STORED DATA –
--- START ---

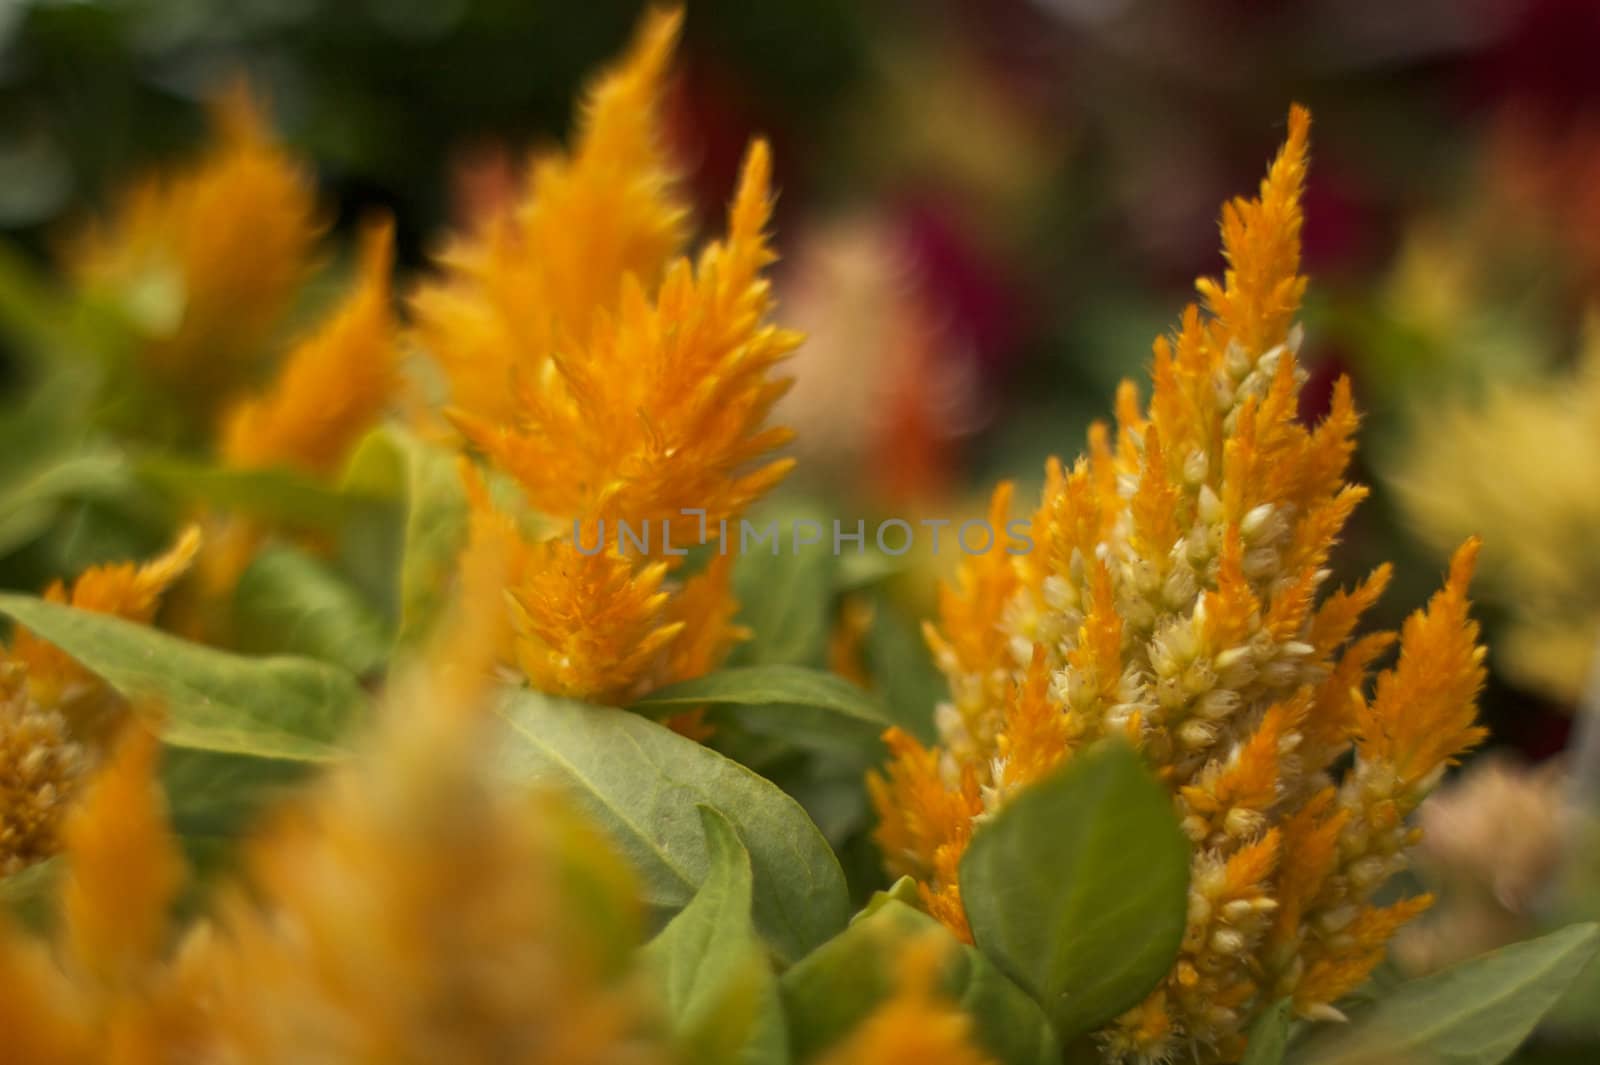 Golden Fern like flowers by bobkeenan
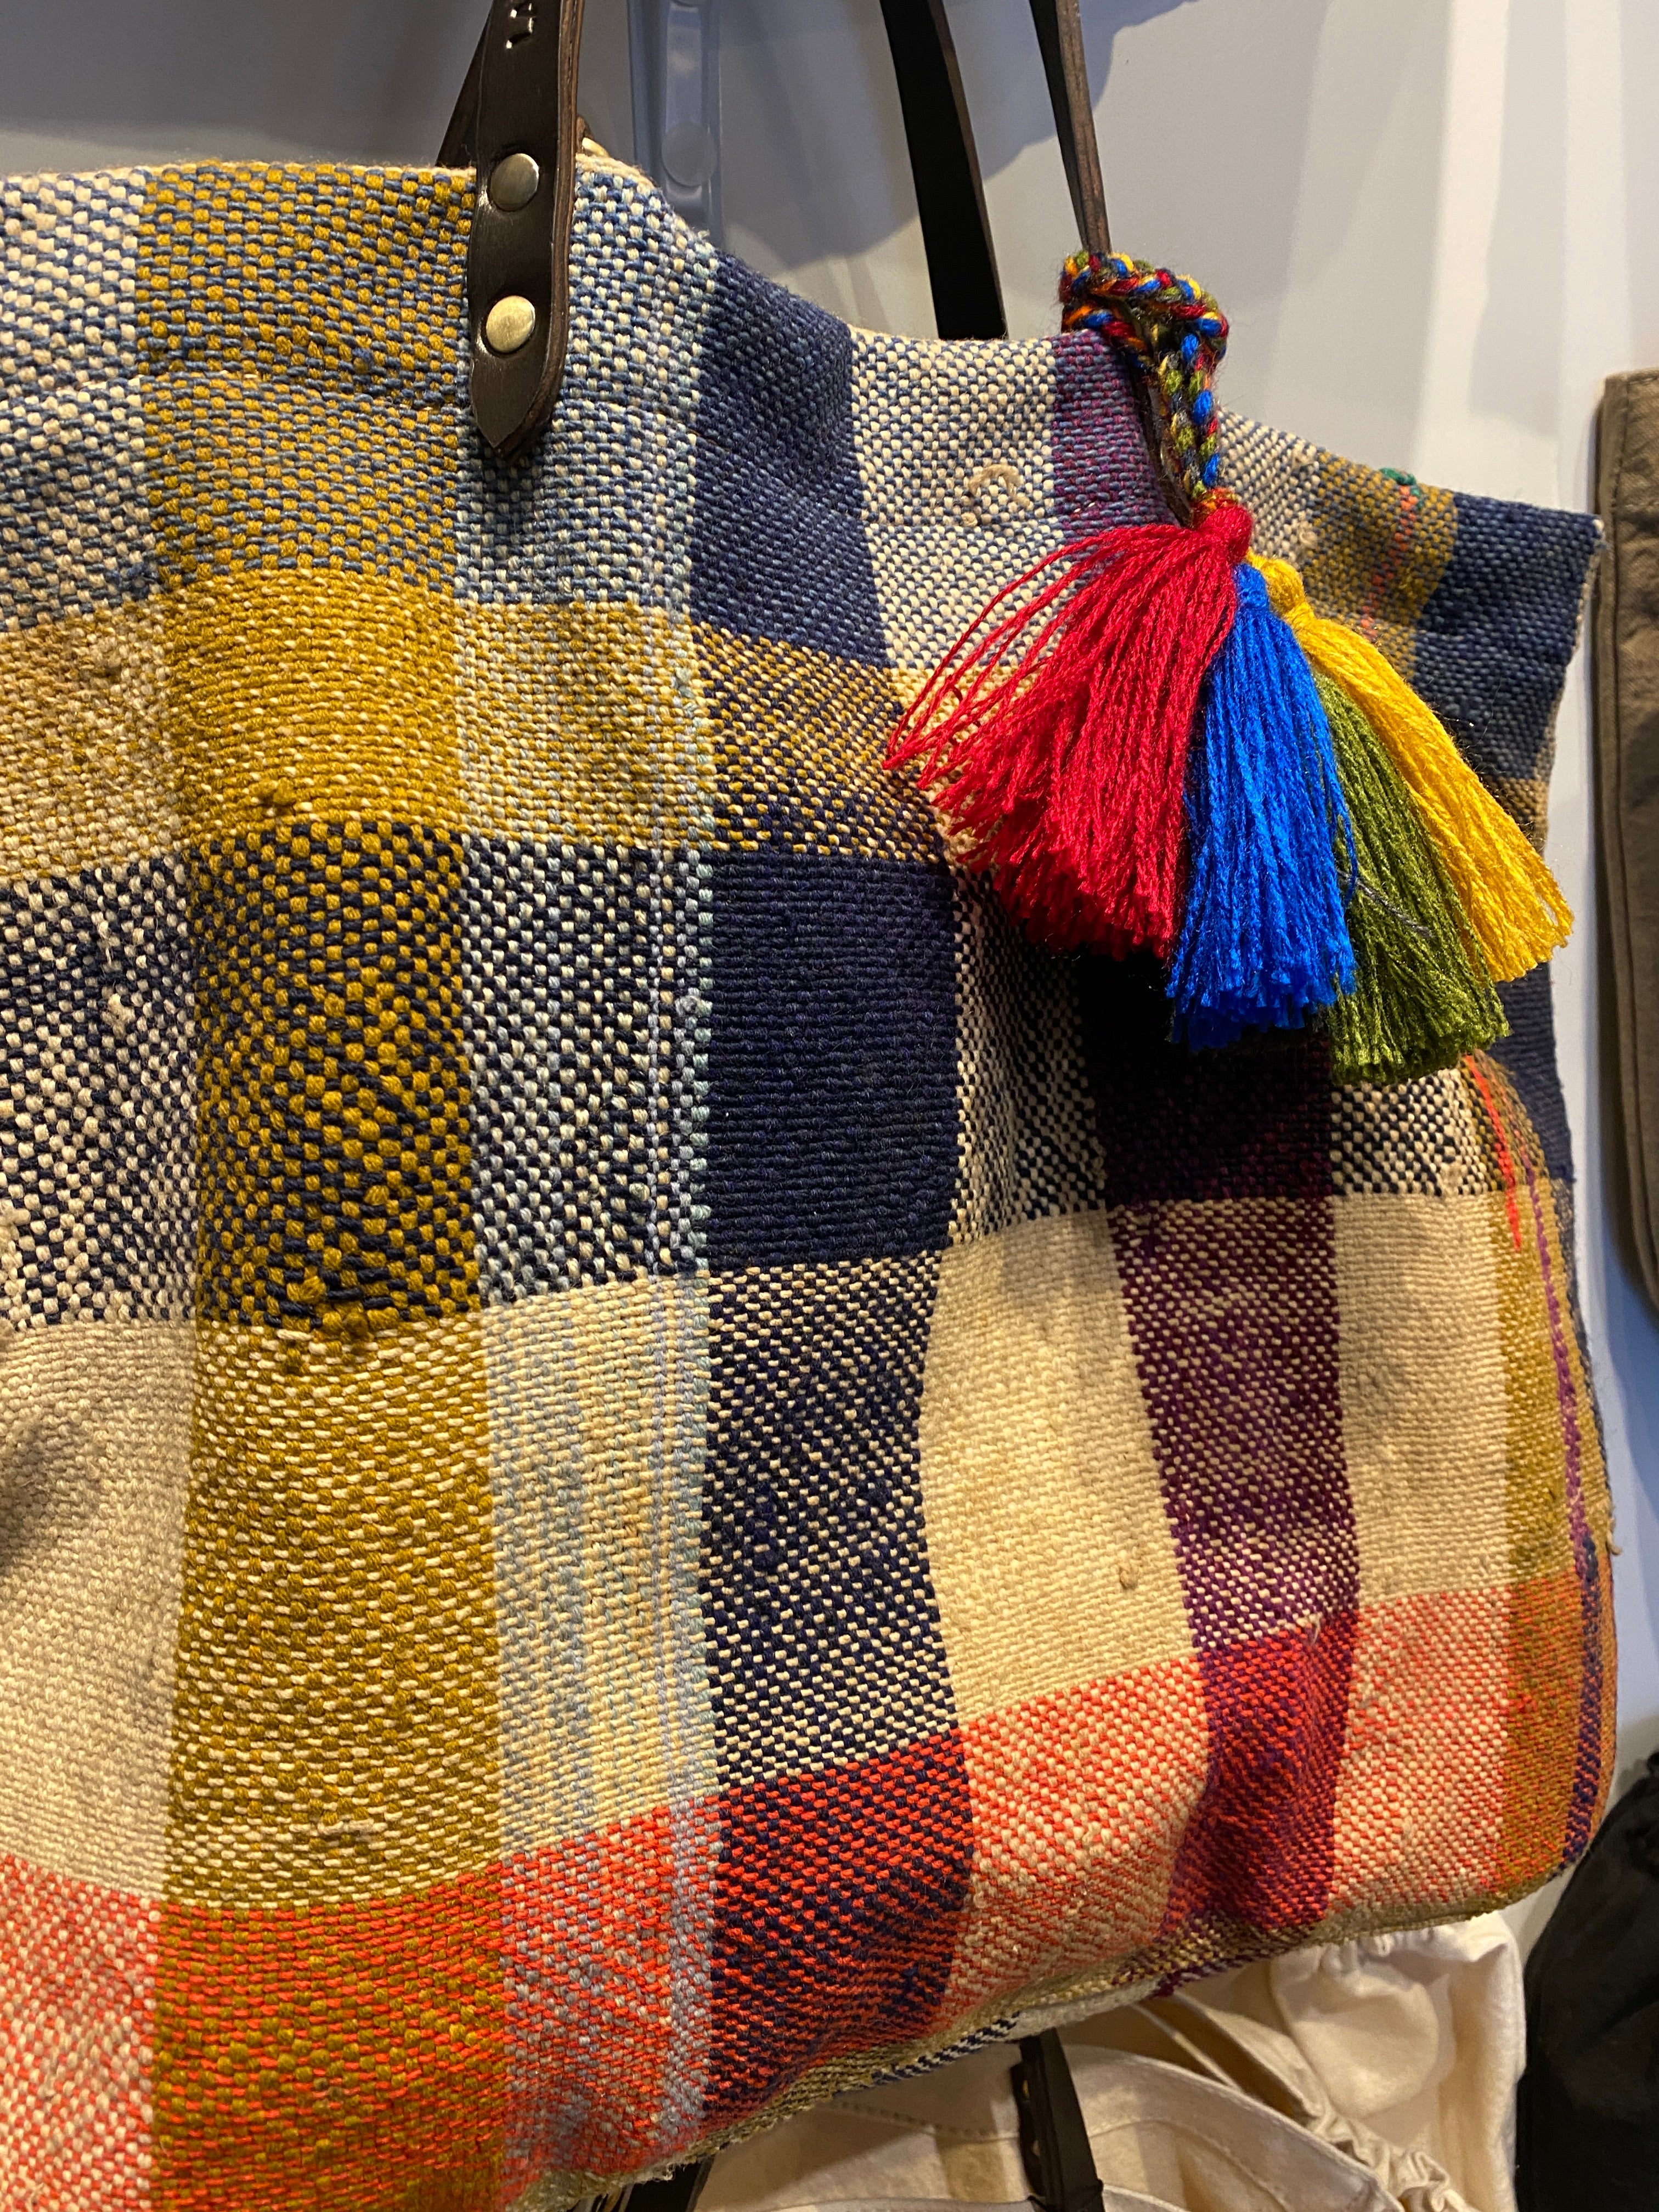 Die HAIK Berber Taschen von LABEL17 werden aus alten Beständen von Decken gefertigt und verfügen über Handgriffe aus Leder.
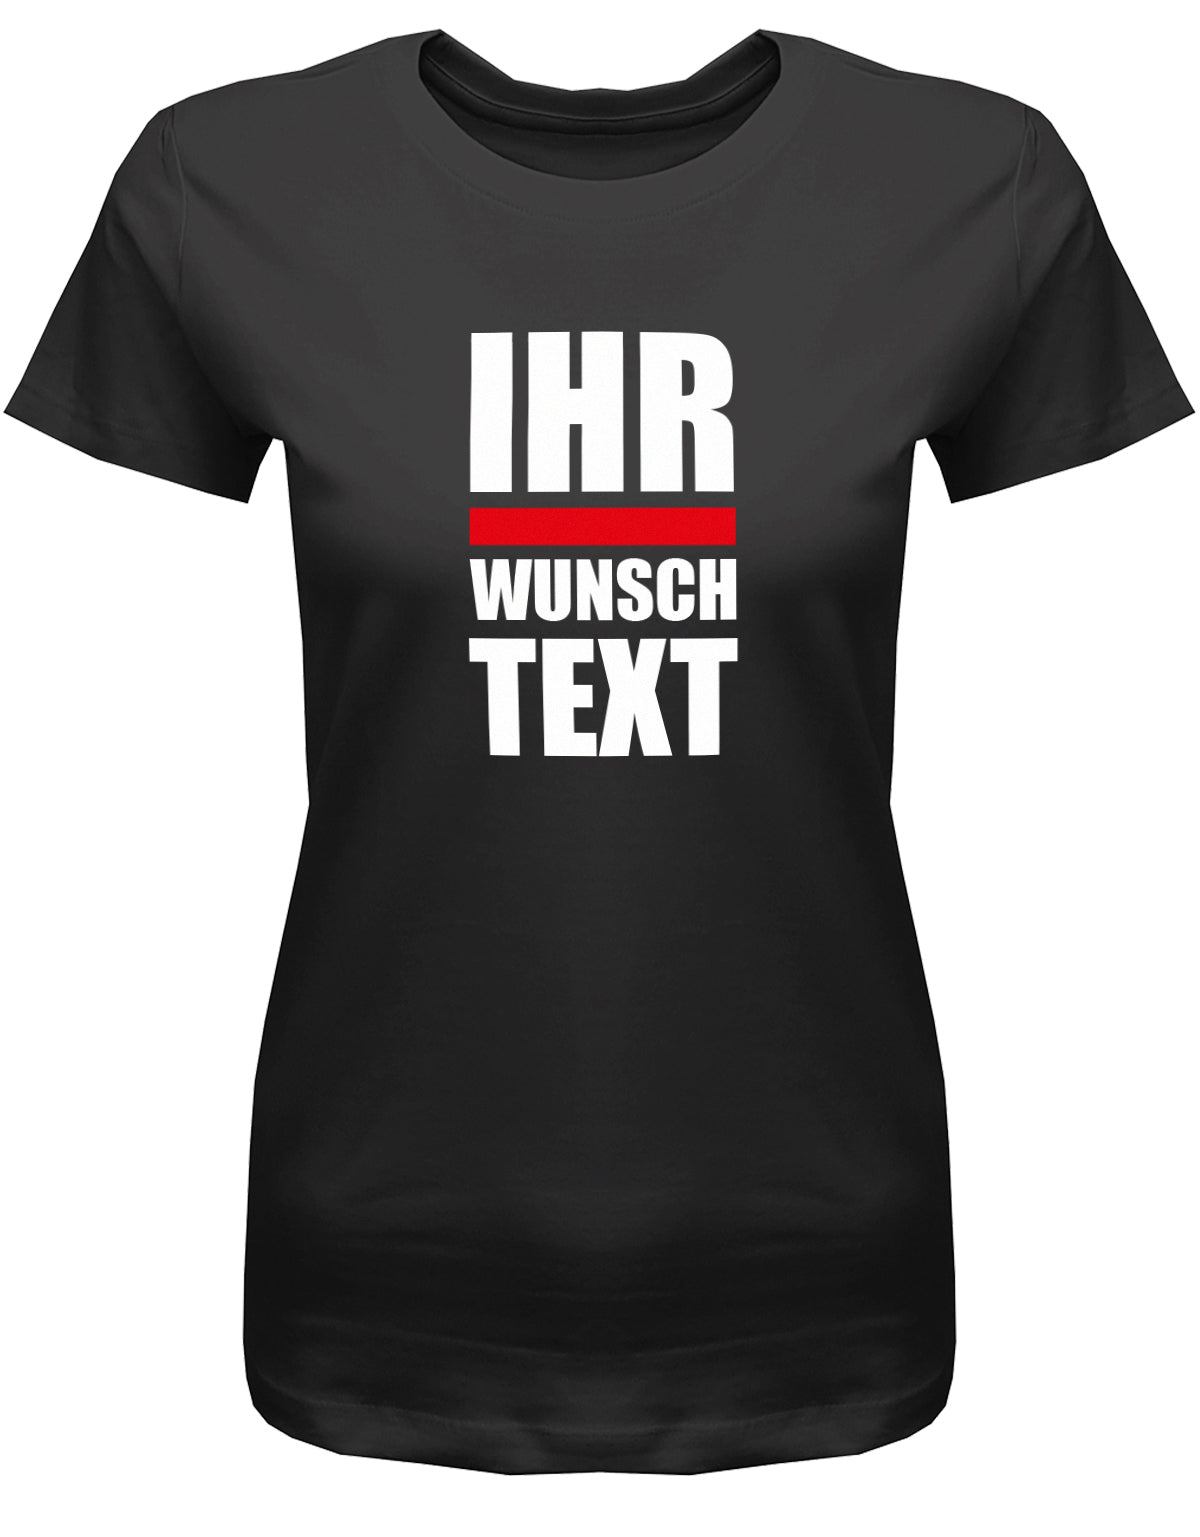 Frauen Tshirt mit Wunschtext.  Große Buchstaben mit Balken Block Style untereinander. Schwarz
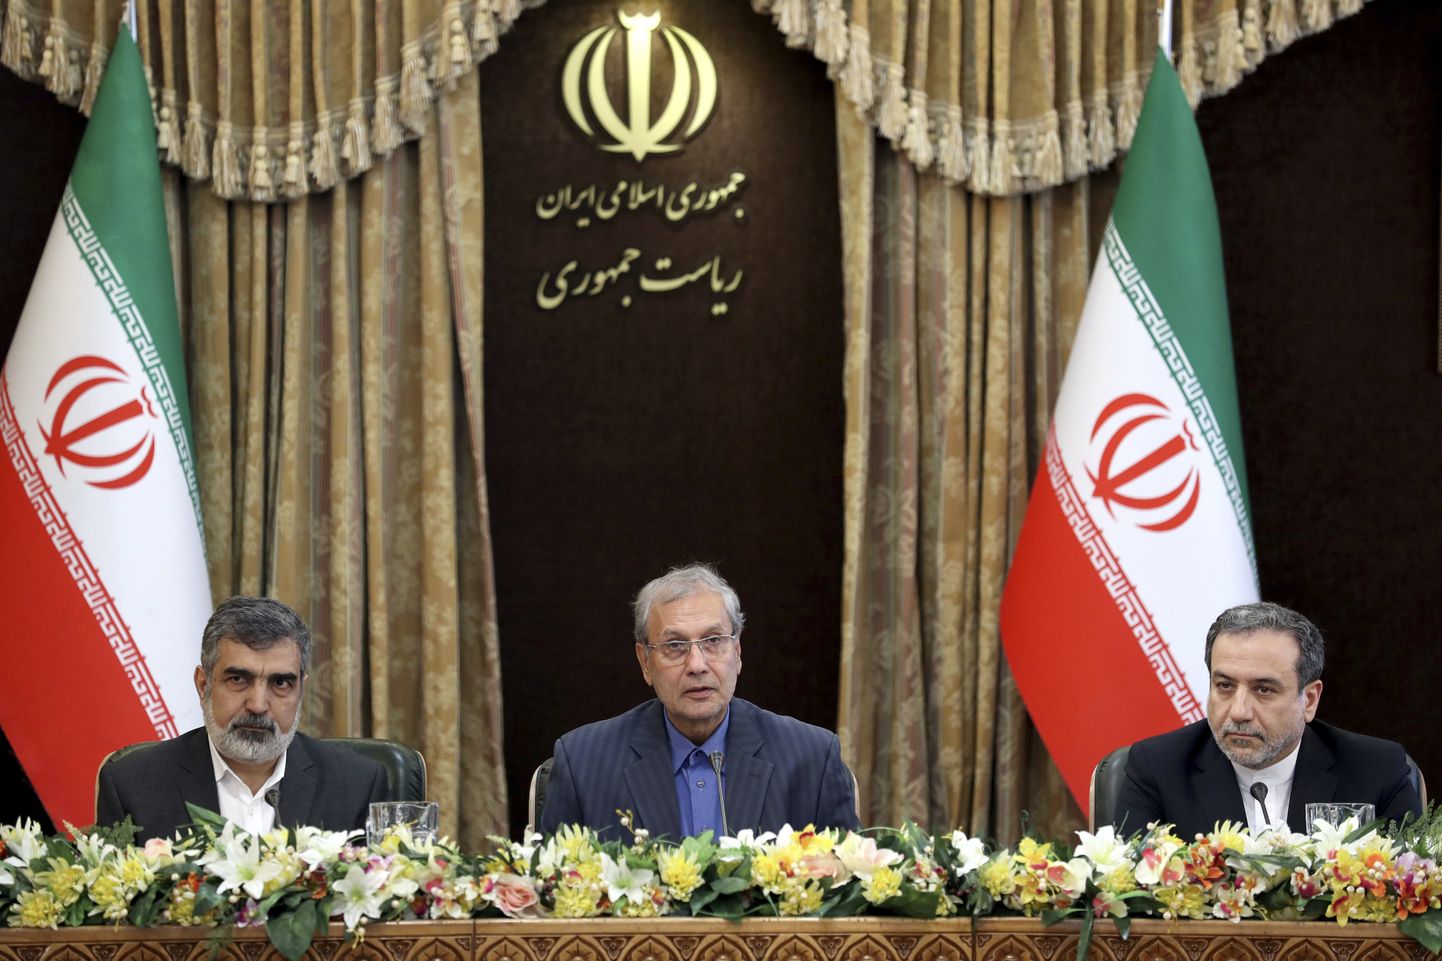 Iraani ametnikud täna teatamas ähvardusest loobuda teistegi tuumakohustuste täitmisest. Pildil on Iraani tuumaagentuuri pressiesindaja Behrouz Kamalvandi (vasakul), valitsuse pressiesindaja Ali Rabiei (keskel) ja asevälisminister Abbas Araghchi (paremal).

--- END ---

WORK TASK – Write out each line of the data exactly; the images should be left out.

REPLY TO THE EXERCISE –
 Golden Fern like flowers by bobkeenan
 Die HAIK Berber Taschen von LABEL17 werden aus alten Beständen von Decken gefertigt und verfügen über Handgriffe aus Leder.
 Frauen Tshirt mit Wunschtext.  Große Buchstaben mit Balken Block Style untereinander. Schwarz
 Iraani ametnikud täna teatamas ähvardusest loobuda teistegi tuumakohustuste täitmisest. Pildil on Iraani tuumaagentuuri pressiesindaja Behrouz Kamalvandi (vasakul), valitsuse pressiesindaja Ali Rabiei (keskel) ja asevälisminister Abbas Araghchi (paremal).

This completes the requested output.